Today some see iconoclasm as a move towards drabness (Yates 2008, 64); others towards the supremacy of the word over other communicative forms such as art (Todd 2002, 328-9); still others identify cases of the incorporation of secular art into the church, seeing it as a move, ultimately, towards secularism (Hay 1957, 215). The common denominator is that, in variable ways, all testify to the eradication of the medieval world's sensual religious mnemonic devices and a restructuring of the visual world (Spyer 2006, 127). Kirk session records and rare survivals show, however, that this restructuring was not rapid. Even in the 1640s elders across the country were finding forbidden images and crucifixes in homes and kirks, including those of ardent Protestants (Todd 2002, 330-1; Aston 2003, 20). The Gray family of Fowlis Easter were among the first high-ranking Scots to be outward proponents of the Reformation. Yet as late as 1616 they were being regularly chastised by the Synod for failure to paint over the medieval art that adorned their rood loft (Fig. 13; Dalgetty 1933, 22, 69). This testifies to a broad spectrum of experiences of reform, from those of zealous iconoclasts, to Protestants with secret pictures and crucifixes, to those who did not accept reformed doctrine at all.

Figure 13

Figure 13: The price of iconoclasm: medieval artwork concealed for centuries at Fowlis Easter

When considering the changing mnemonic devices of reform, scholarship inevitably focuses upon the physical presence or absence of features: memory itself is frequently overlooked (e.g. Hay 1957; Aston 2003; Spicer 2003). Churches could be littered with broken bits of their medieval antecedents (Fig. 10); however, even in their absence people still knew what lay under painted walls. Worshipping in a whitewashed church, from a historical perspective, may seem to give primacy to the Word (Aston 2003), but this overlooks the fact powerful memories endured for generations. Those who saw themselves as having zealously repainted for the Lord had to worship with heretics who sneaked images home; equally, those who tried to save a precious legacy continued to worship with the heretics who tore it down. The white church, under the watchful eye of the pulpit, rather than offer a foretaste of heaven, may have been more akin to a foretaste of hell. To the early reformed Scot, the destruction of iconoclasm could be interpreted as a metaphor, or even a portent, for the impending end of the world. Rebuilding over the old may have erased it. Alternatively, however, it may have served as a reminder of the thin barrier between salvation and oblivion and hinted at the polluting power of sin which could underlie even the most outwardly innocuous exterior; a neighbour, a friend, even a spouse.

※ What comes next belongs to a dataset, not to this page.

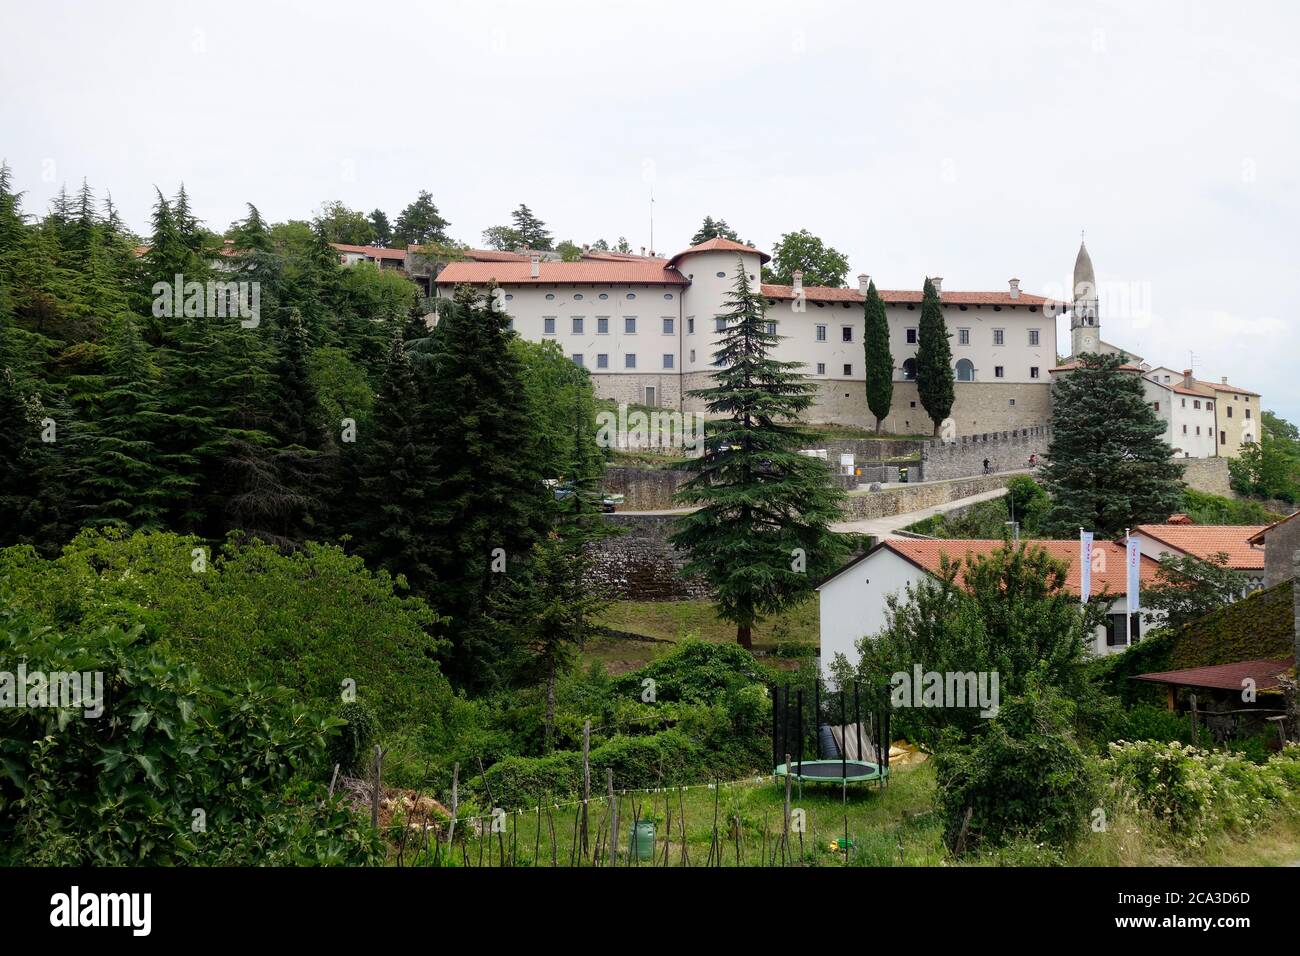 Pueblo de Štanjel y castillo medieval renovado. Municipio de Komen, región de Kras, Eslovenia. Foto de stock

Complex, contested and multi-faceted, the early reformed kirk was more than a neutral backdrop to discipline culture: it was an integral part of both the everyday and the spectacle elements of performing discipline. Bucer's vision of church discipline was that its purpose was to educate penitents about their sinfulness and thus to increase the penitent's gratitude to God (Burnett 1991, 453-5). In order to experience gratitude, the sinner had to know what they were being saved from; they had to understand the consequences of sin and damnation. In this respect, even without the art of the medieval, the kirk itself could have been a part of the powerful arsenal of ecclesiastical discipline. With uneasily white walls that obscured a now forbidden past, words, and material culture, a cohesive message could be conveyed, both to the penitent and to the community, of the perils of sin and the need to repent.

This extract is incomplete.